- [GIVEN MATERIAL]
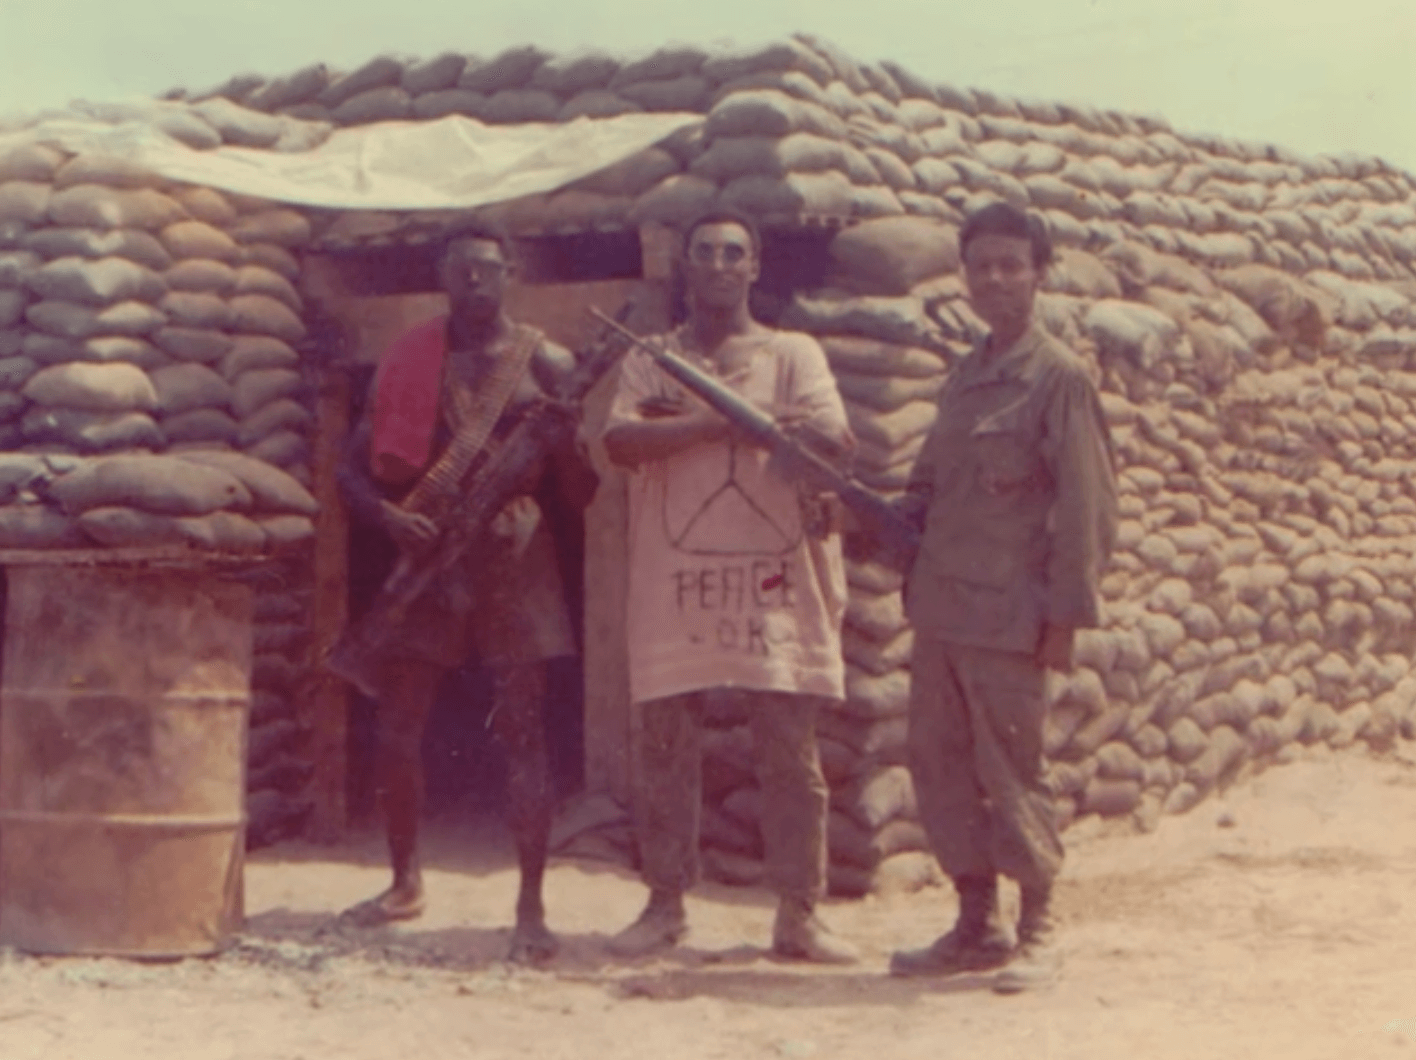 Three black soldiers standing outside a sandbag bunker. The leftmost is in shorts, holding a gun and with bandoliers strapped across his body; the middle wears an oversized t-shirt with a peace sign that says "Peace OK"; the rightmost is in full gear, also holding a gun.
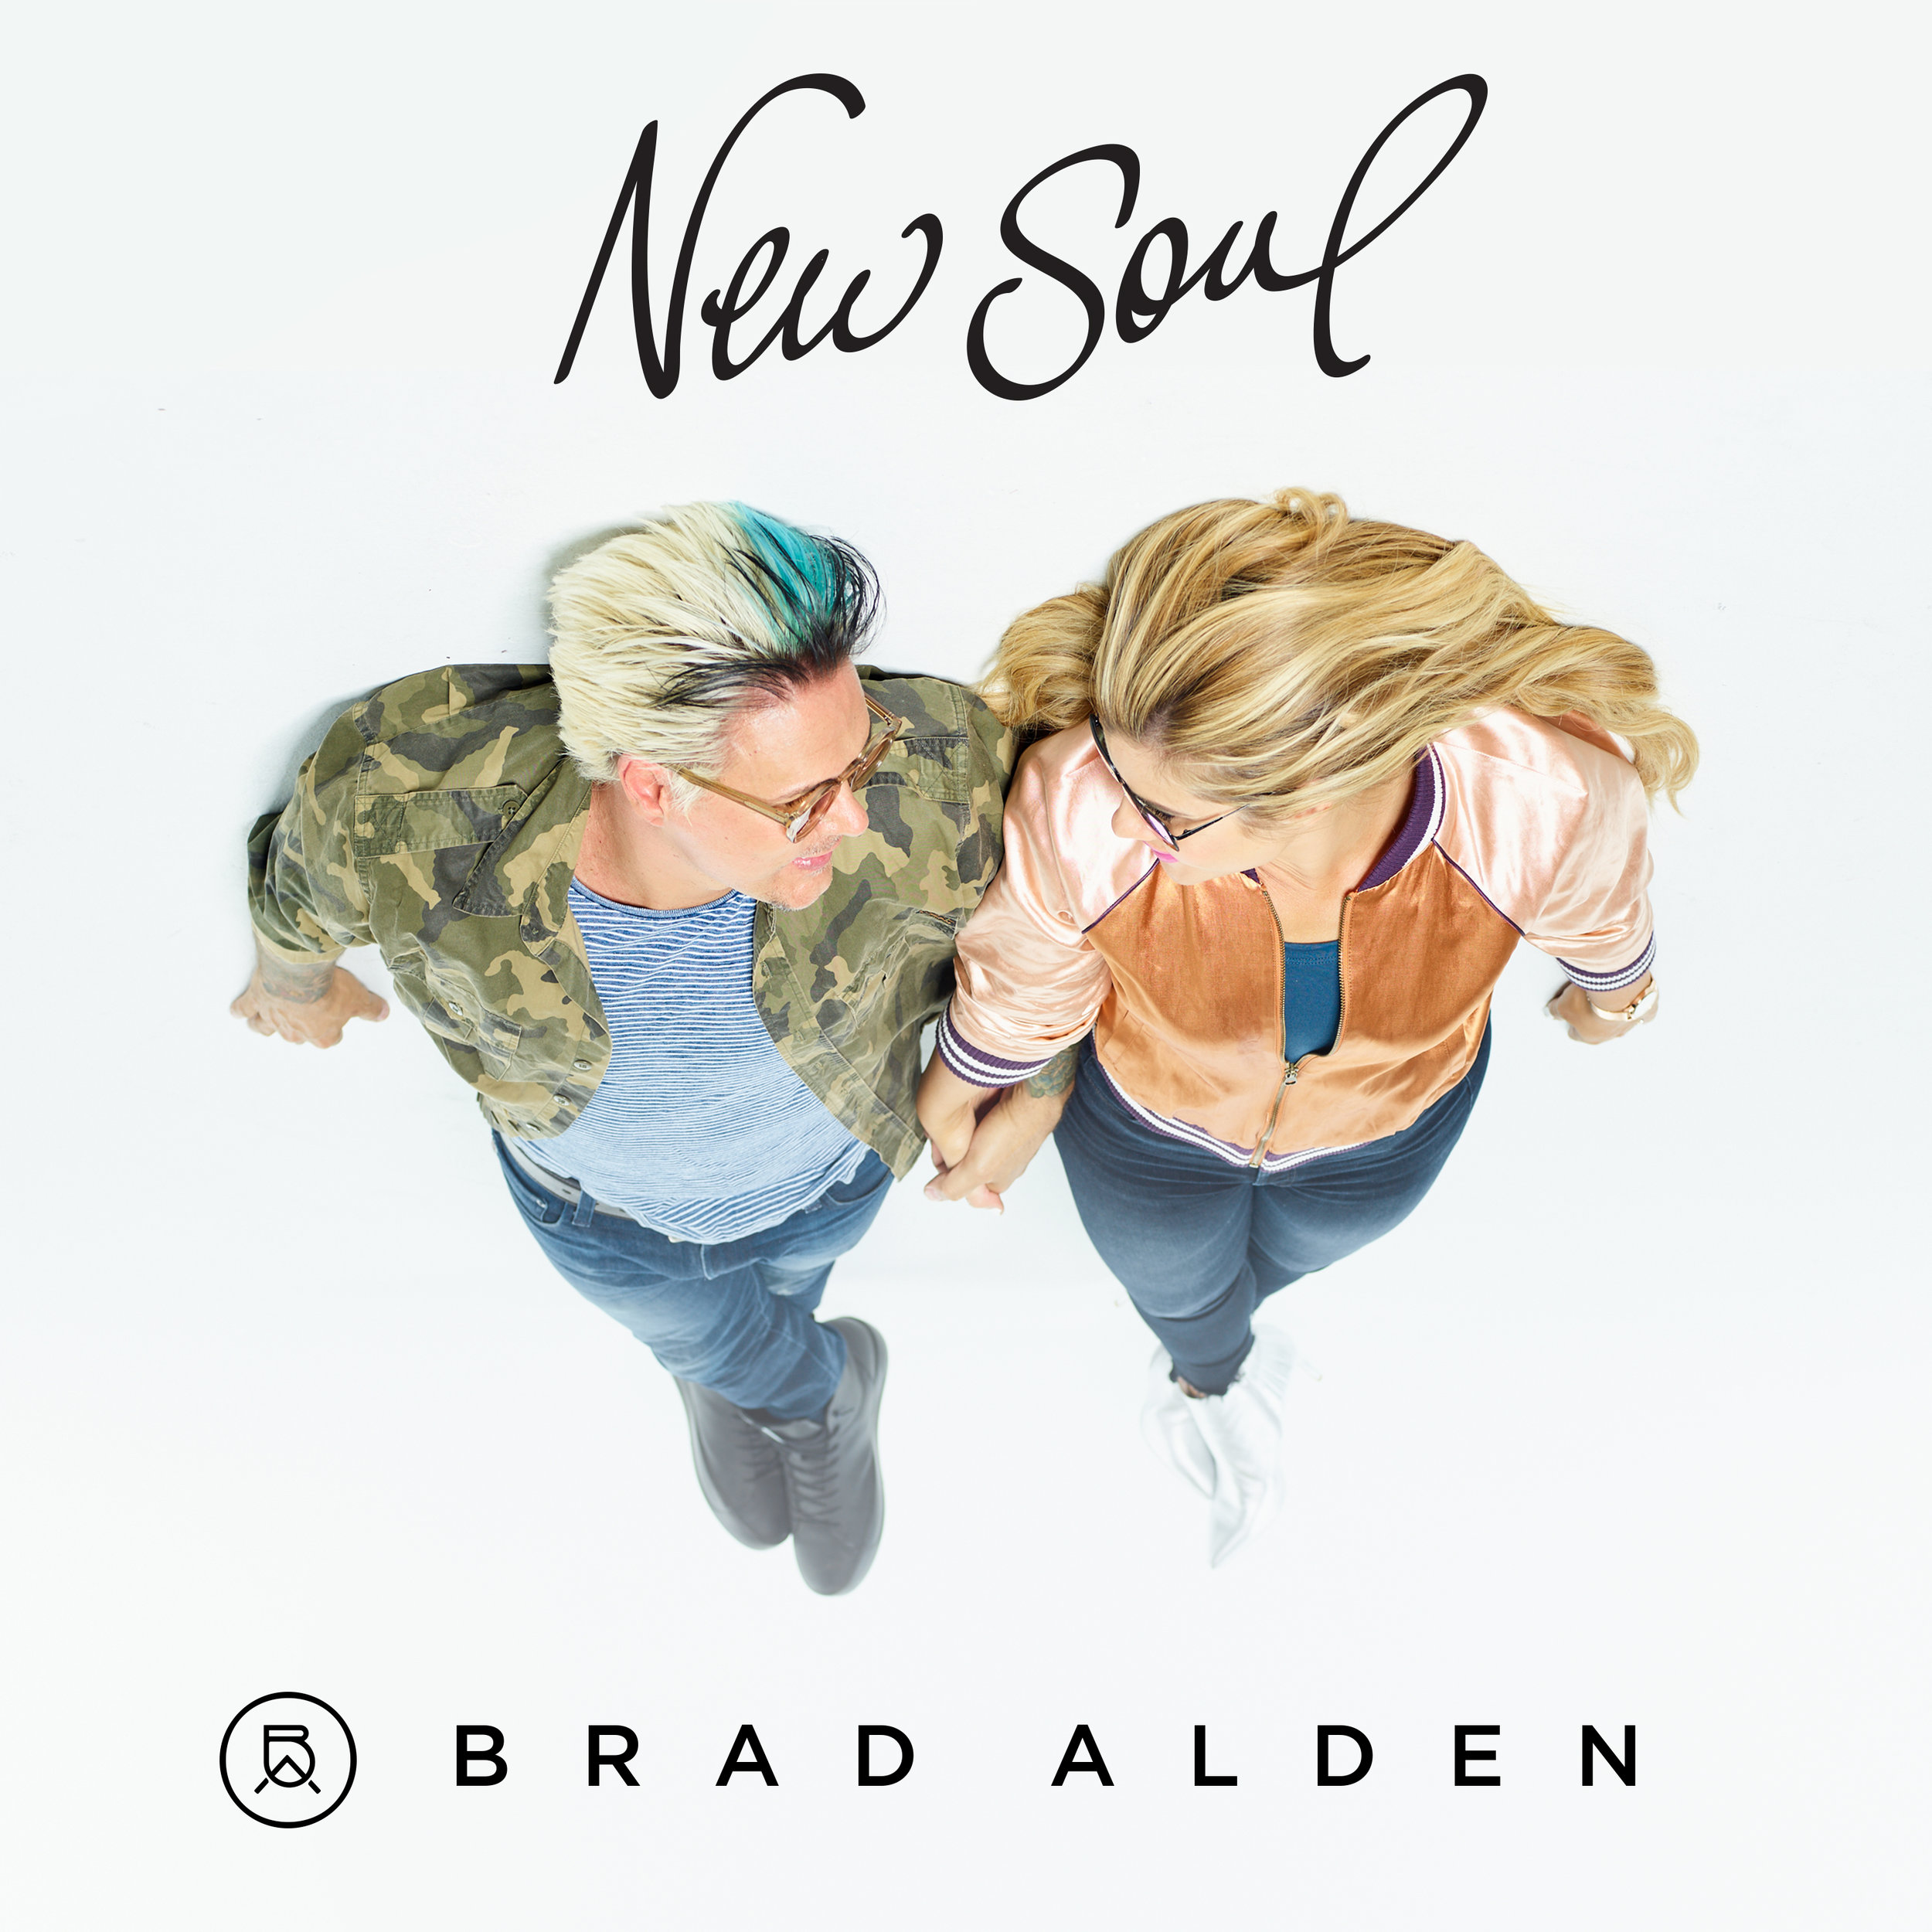 NEW SOUL EP (GOOD DAY, MORE OF YOUR LOVE, PRAISE THE LORD)
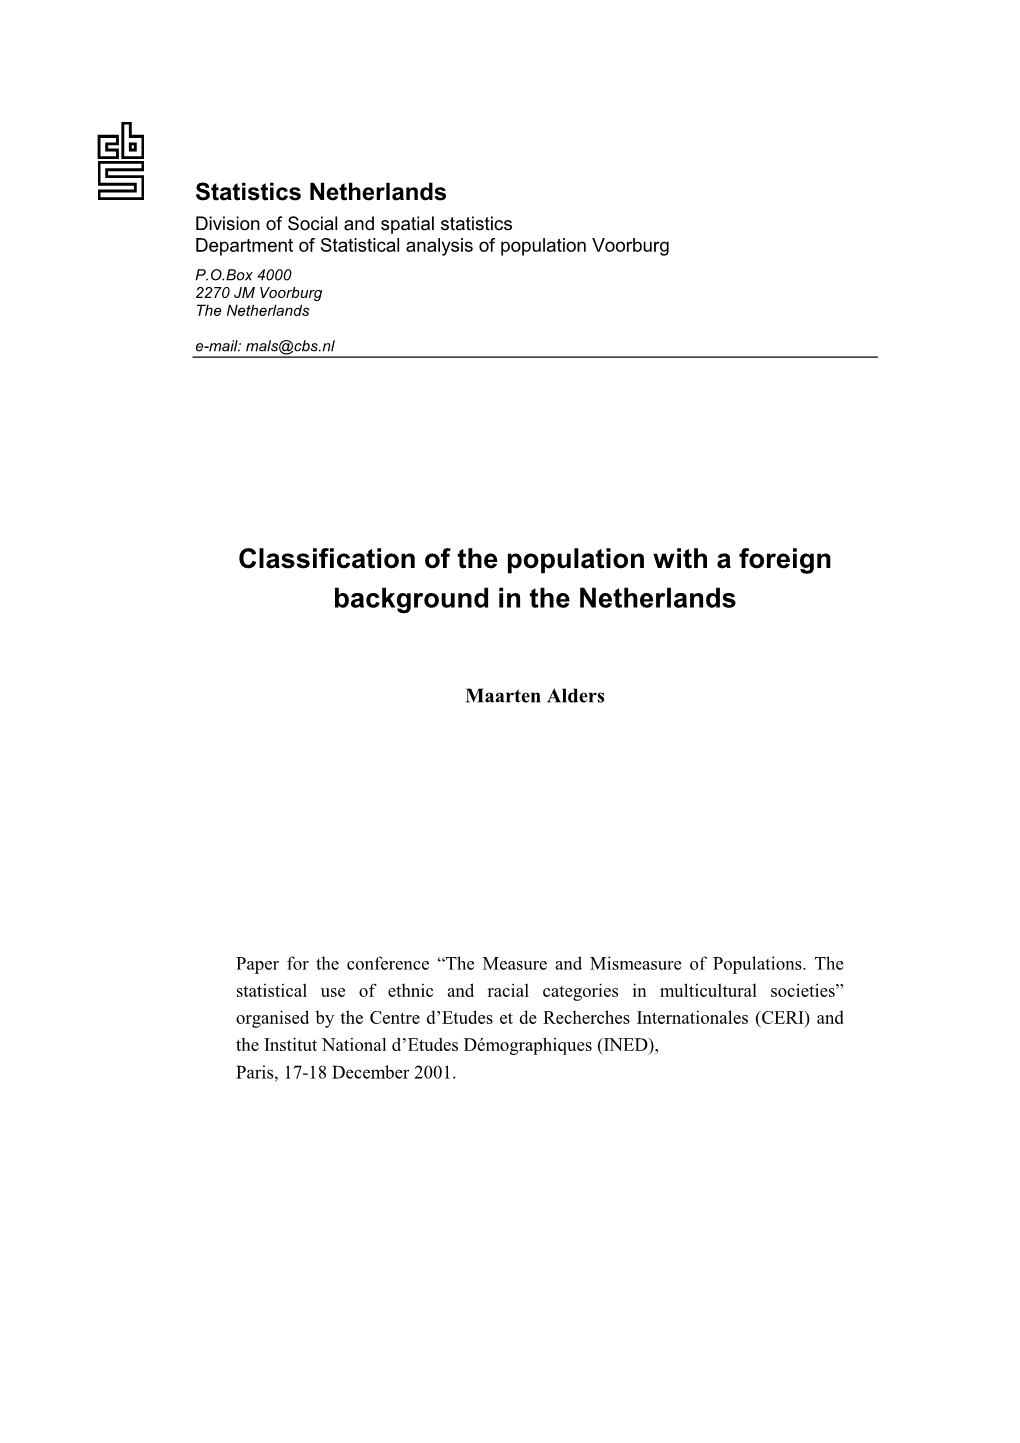 Classification of Population with Foreign Background
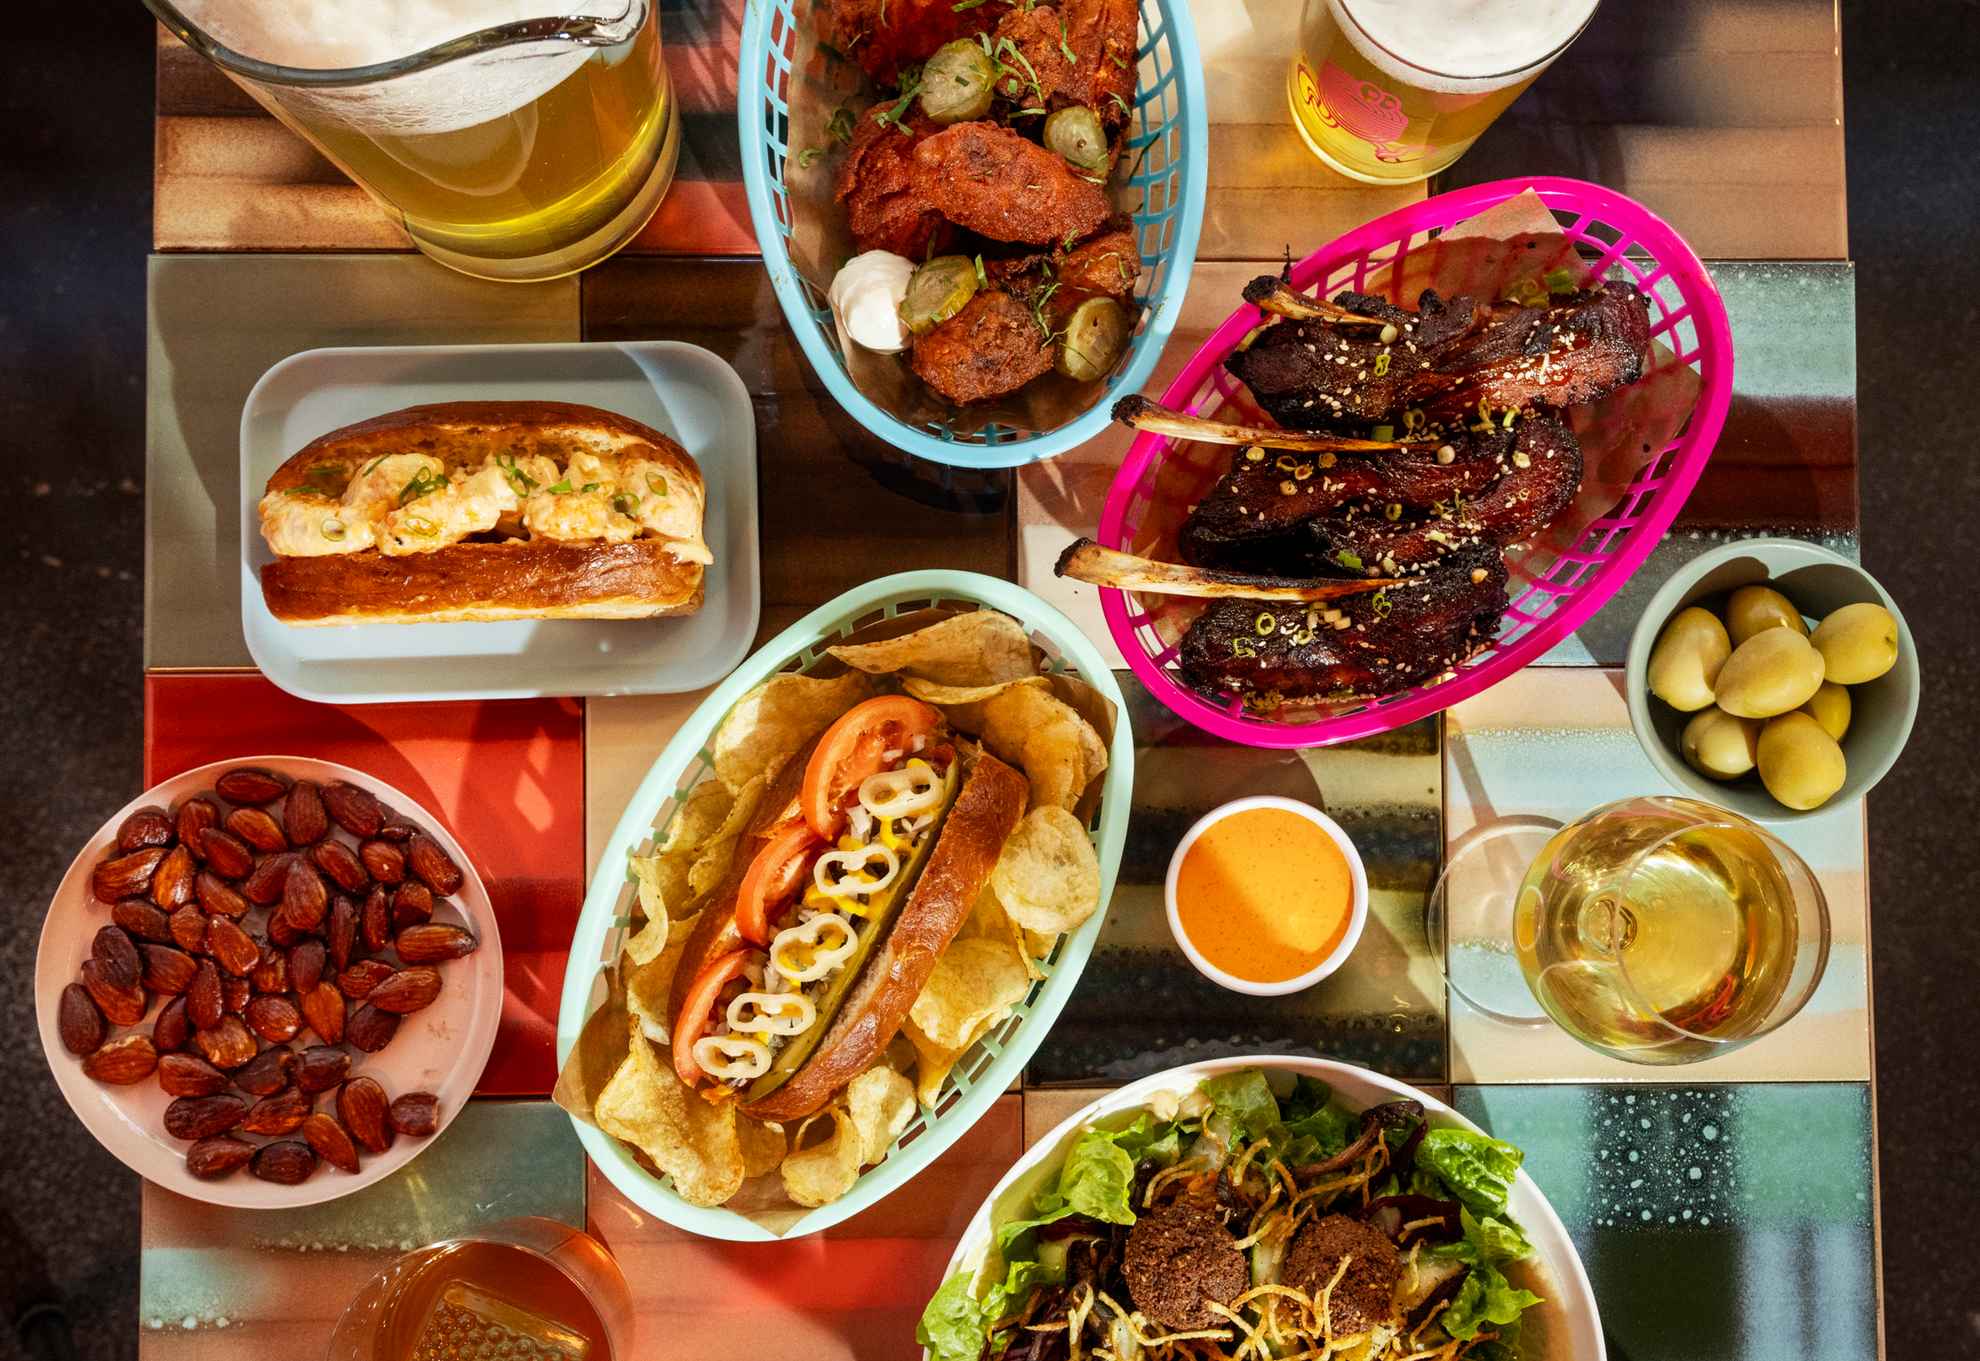 A square table filled with colourful streetfood in different baskets and on plates, as well as glasses of beer and wine.

- [REQUIRED ACTION]
Write out exactly, and only, the lines running from the line with "Classification of Population" to the last line above, both included, with all pictures omitted.

- [ANSWER BOX]
 Classification of Population with Foreign Background
 A square table filled with colourful streetfood in different baskets and on plates, as well as glasses of beer and wine.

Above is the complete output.